The result is they are looked upon as “untouchable,” even by other dalits.

“I’m not allowed to draw water from the village well or have a bath in the village pond,” said Arati Bai, 38, who recently quit after doing the demeaning work for two decades.

She began scavenging with her mother after she was married at the age of 17.

Bai, who lives in Basiagah, a village in the central Indian state of Madhya Pradesh, told ucanews.com that her children are not allowed to sit with other children in school.

Tea shop owners deny her entry into their establishments. She has to remain outside and separate glasses are used to serve tea to her.

“I have to wash the glass afterwards unlike others who just leave their glass when they finish,” Bai said, adding that she is even barred from entering temples to offer prayers.

However, there are a growing number of voices calling for an end to the practice.

The federal government in September introduced further legislation – The Prohibition of Employment as Manual Scavengers and Their Rehabilitation Bill, 2012 – in another bid to curb the practice.

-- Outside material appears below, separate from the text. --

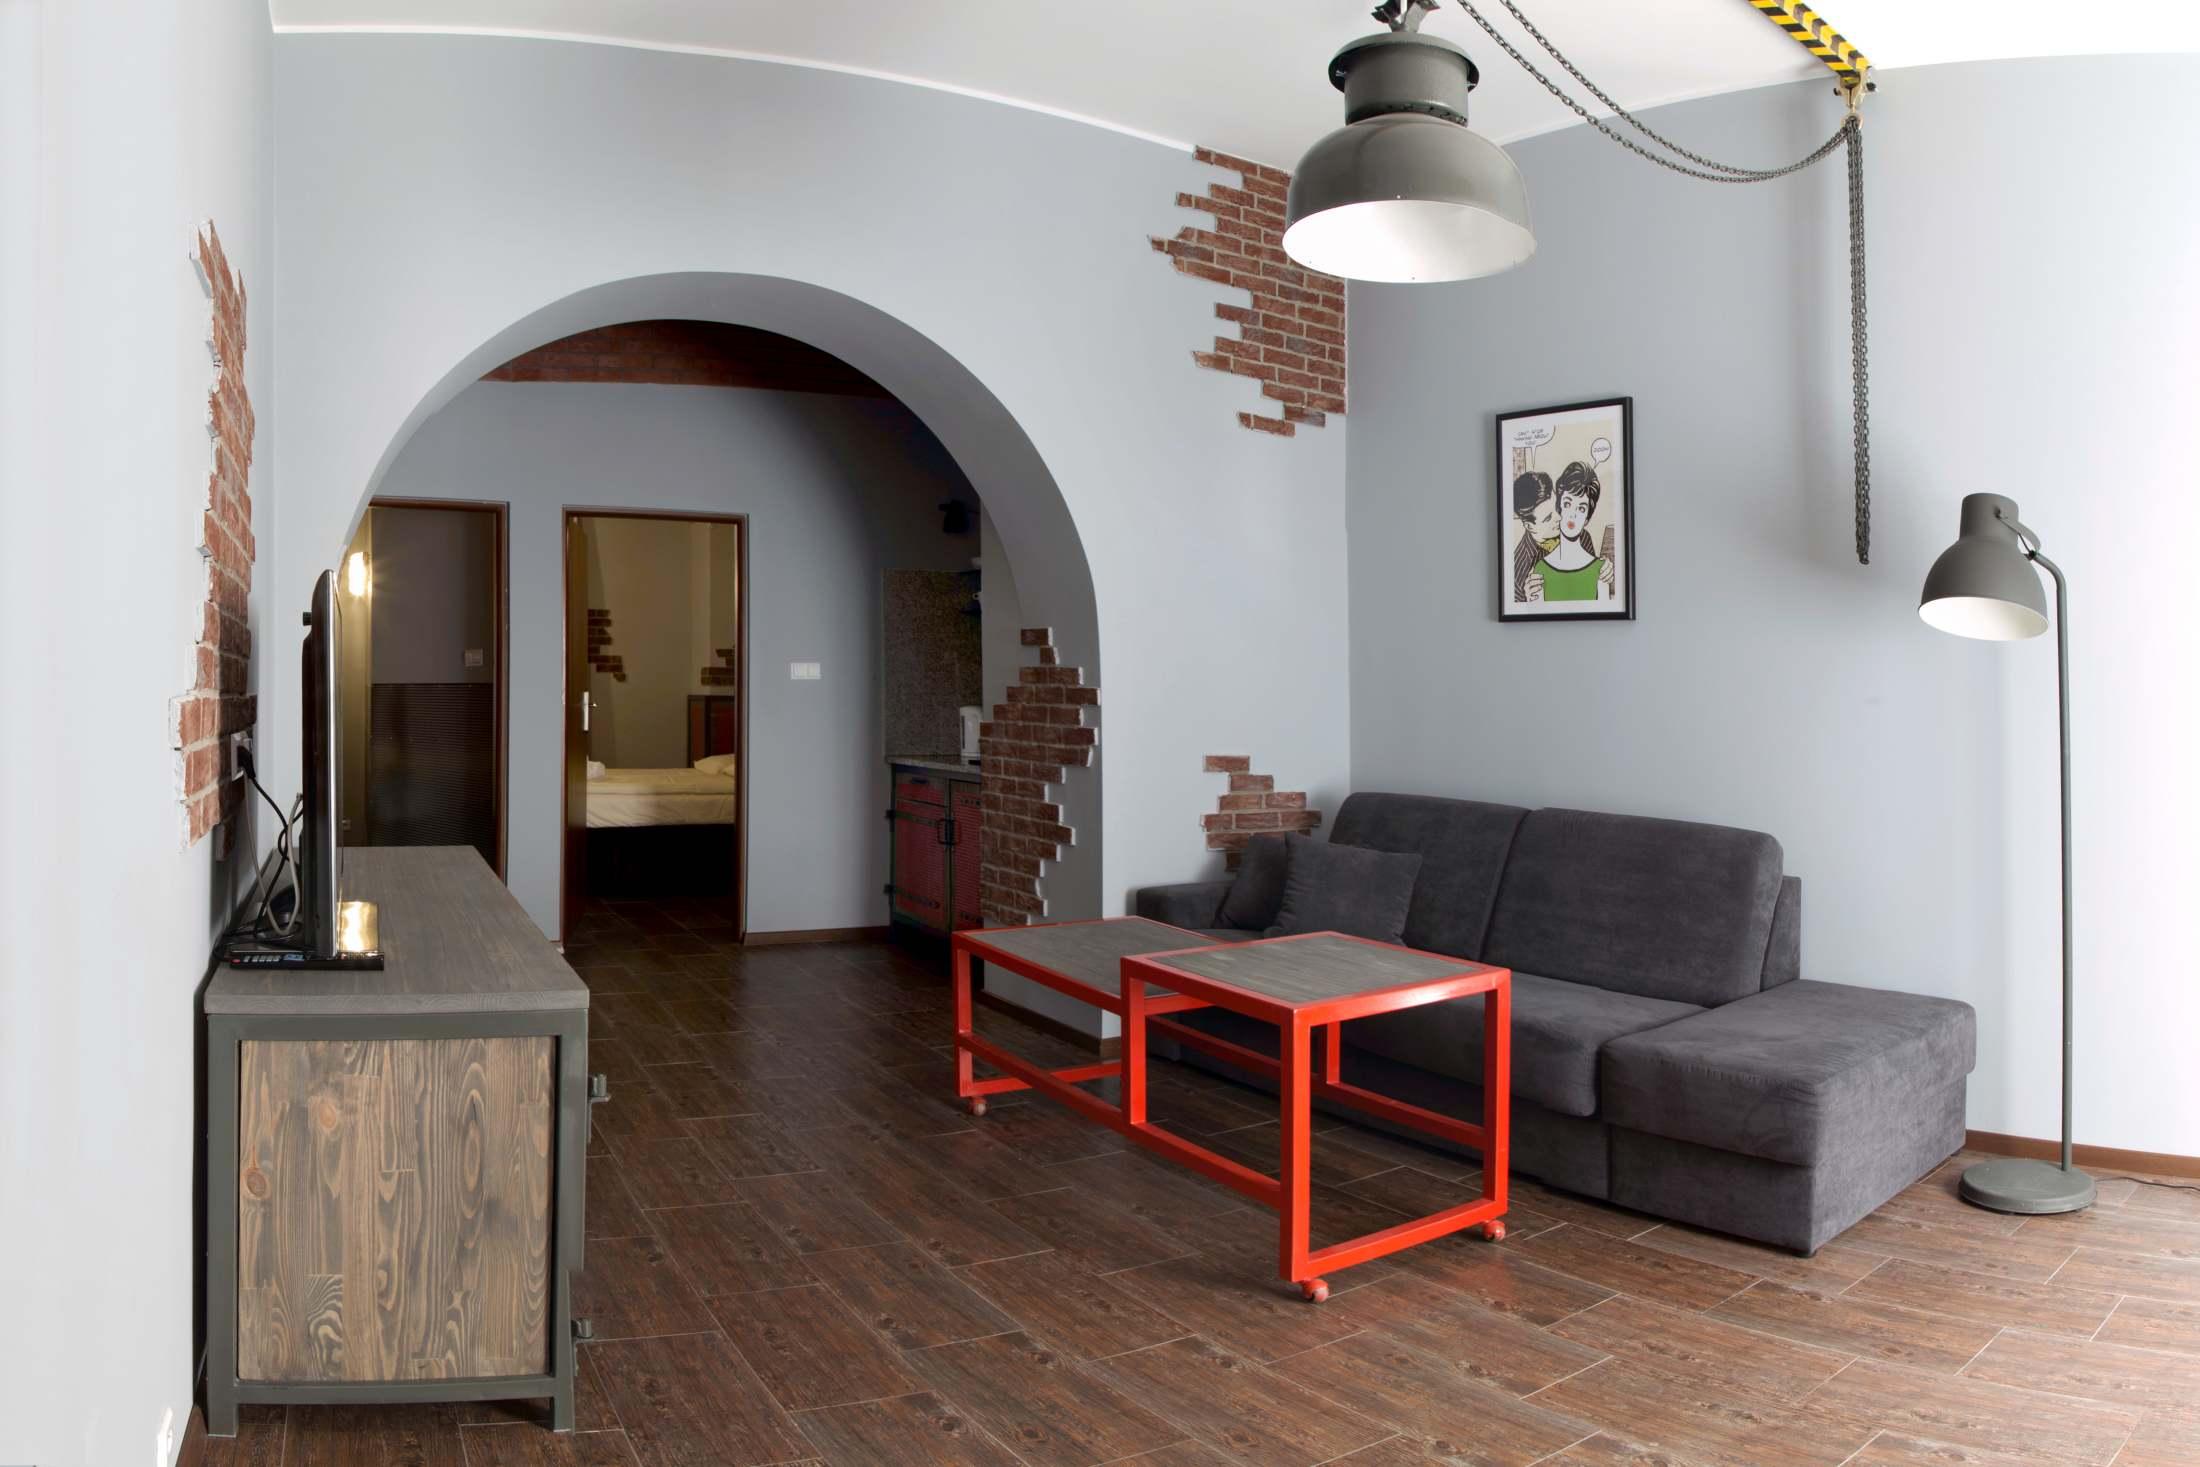 5 stars apartament centrum wrocławia
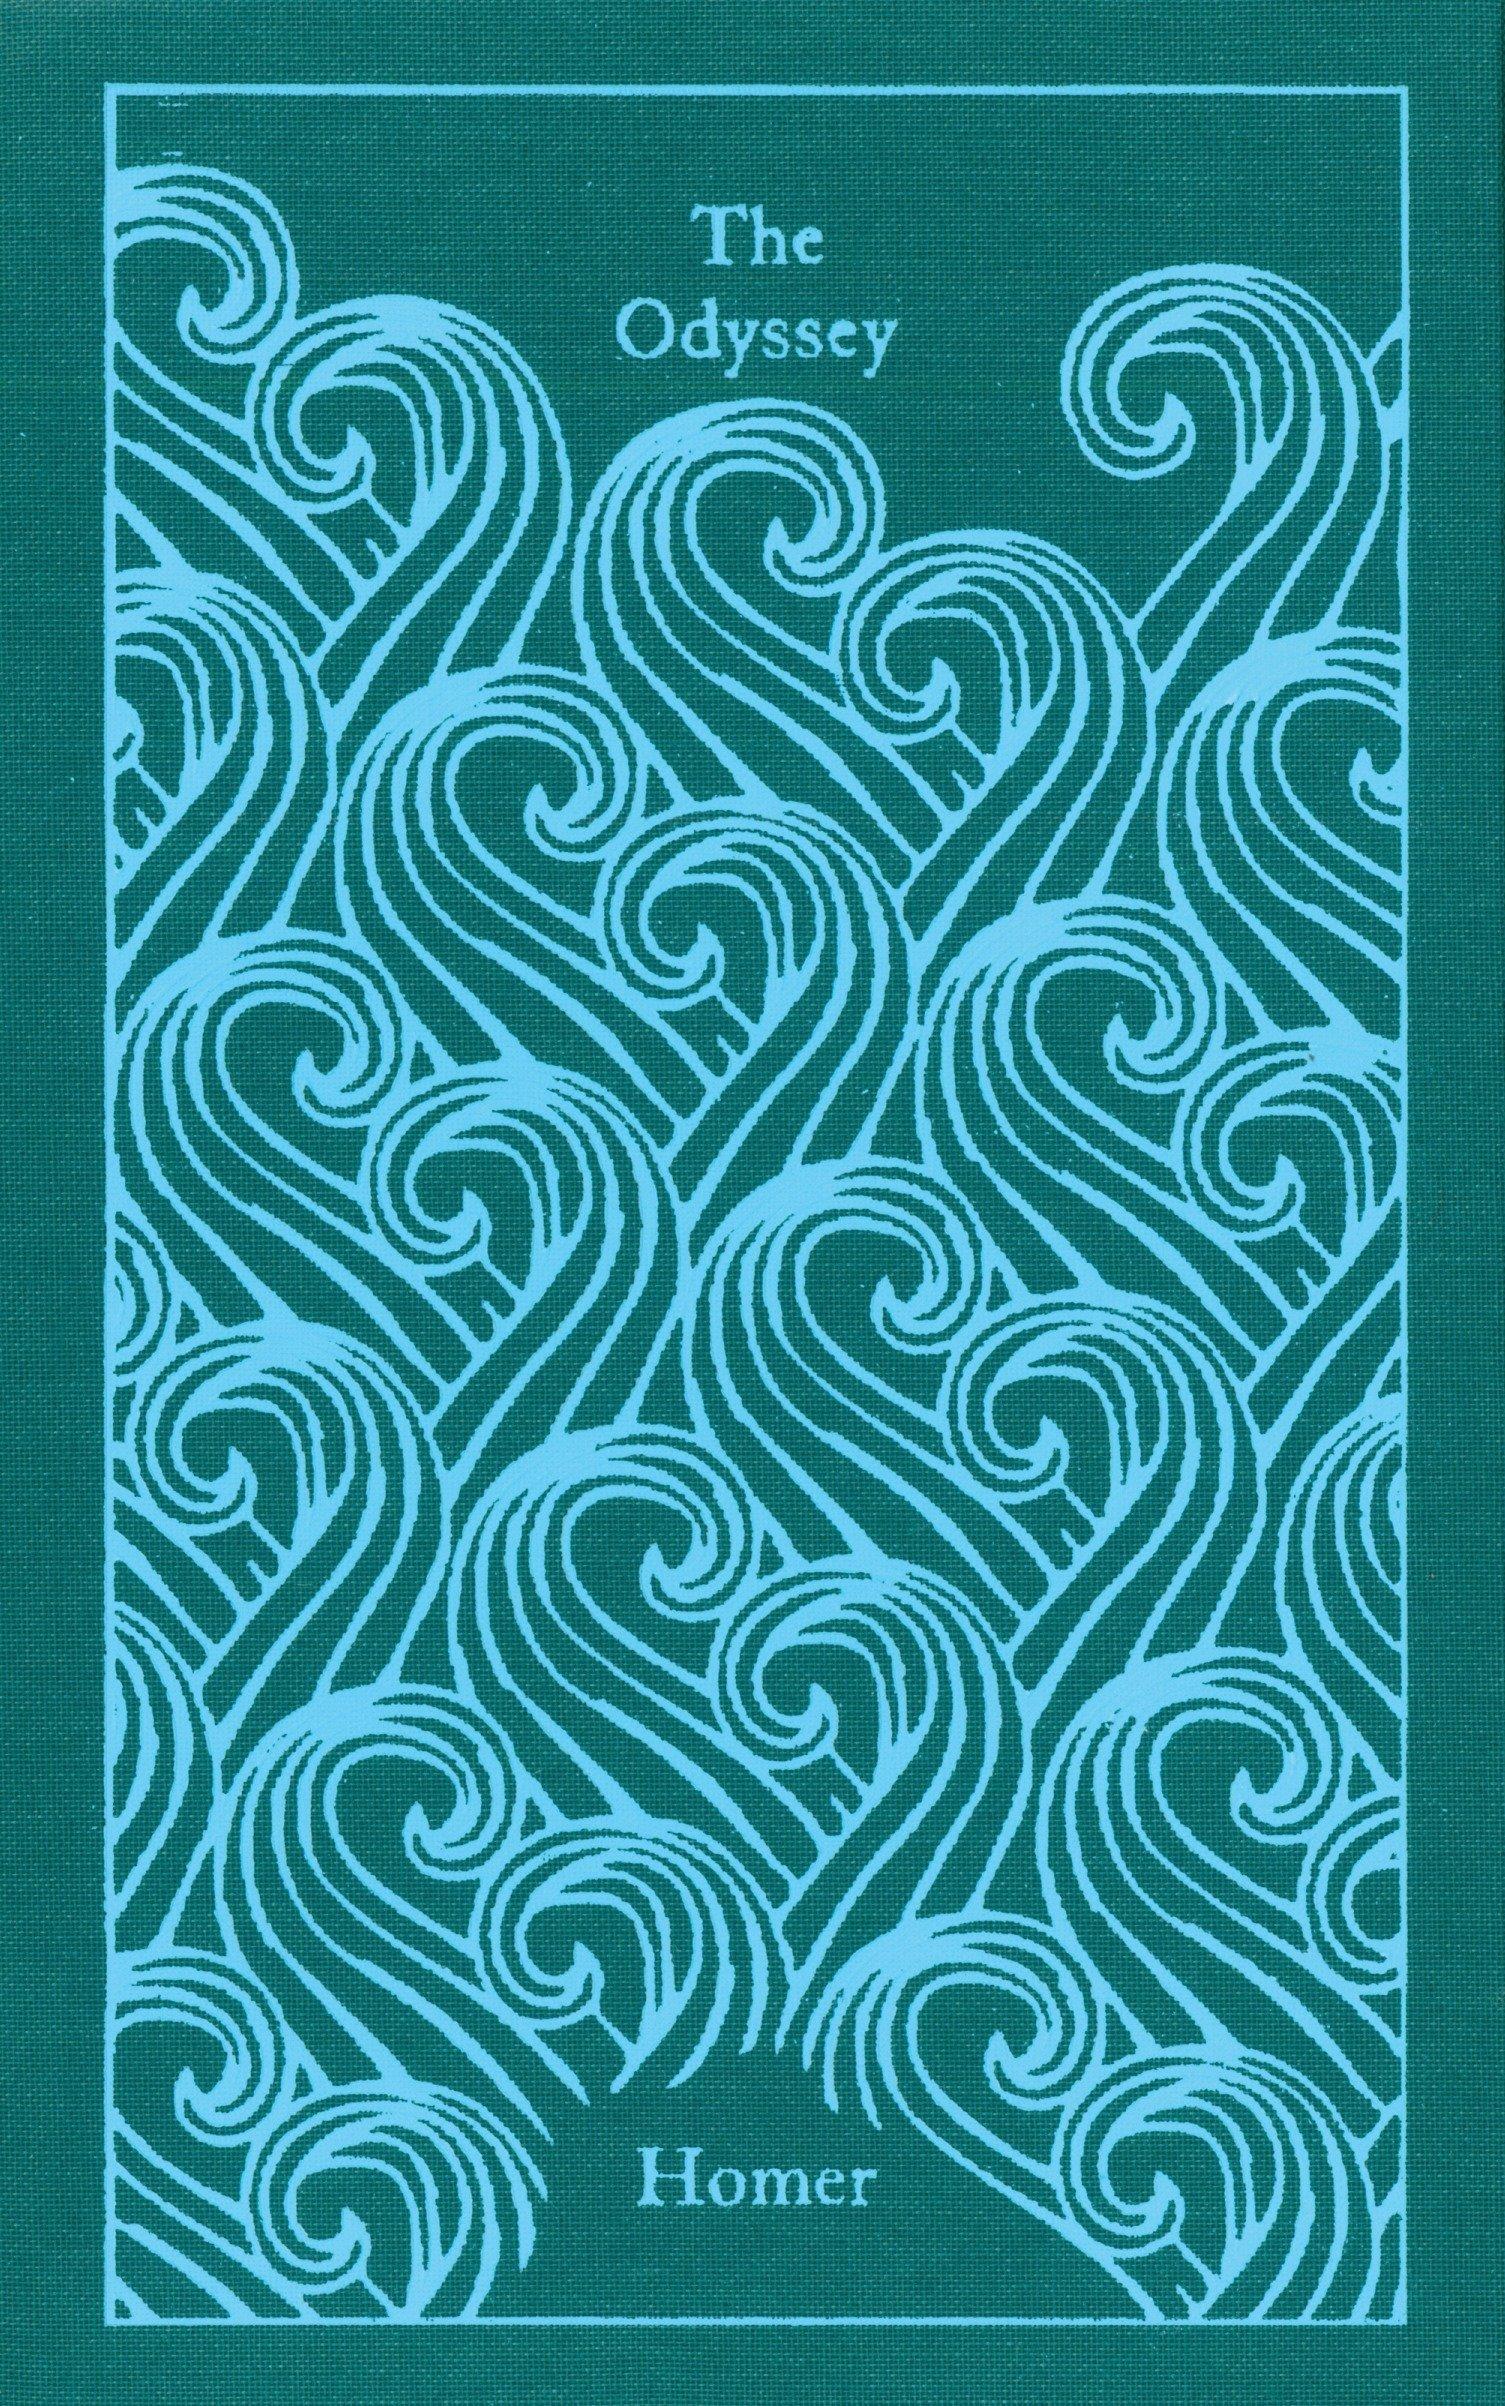 The Odyssey (Penguin Clothbound Classics) ebook

The bill is yet to pass into law.

Similarly, Madhya Pradesh Chief Minister Shivraj Singh Chauhan has also called for an end to manual scavenging.

Pressure is also coming from overseas with the European Parliament last week expressing its deep concern about the “inhuman” practice and urging the Indian government to enforce a ban on it.

Social activist Ashif Shaikh, who has been fighting to eradicate manual scavenging for years, said the practice is a flagrant violation of human rights.

He and activists from 17 NGOs are undertaking a nationwide march against it.

The march, which started on October 30, ends on December 31 and will have covered 200 districts across the country.

“This is treated as a disgraceful occupation even by those who engage them in this practice,” he told ucanews.com as the march passed through Bhopal.

The scavengers belong to the lowermost rung in society and therefore, they end up in the worst situations of vulnerability, marginalization, deprivation and oppression, Shaikh said.

According to government figures, there are 2.6 million dry toilets in the country.

Shaikh said the real number is almost certainly much more.

He said that despite the country having enacted a law prohibiting this occupation in 1993, adherence to the also outlawed caste system and lack of modern sanitation is keeping it alive.

“We want to restore the dignity of manual scavengers and put an end to this age old practice of the caste system,” Shaikh said.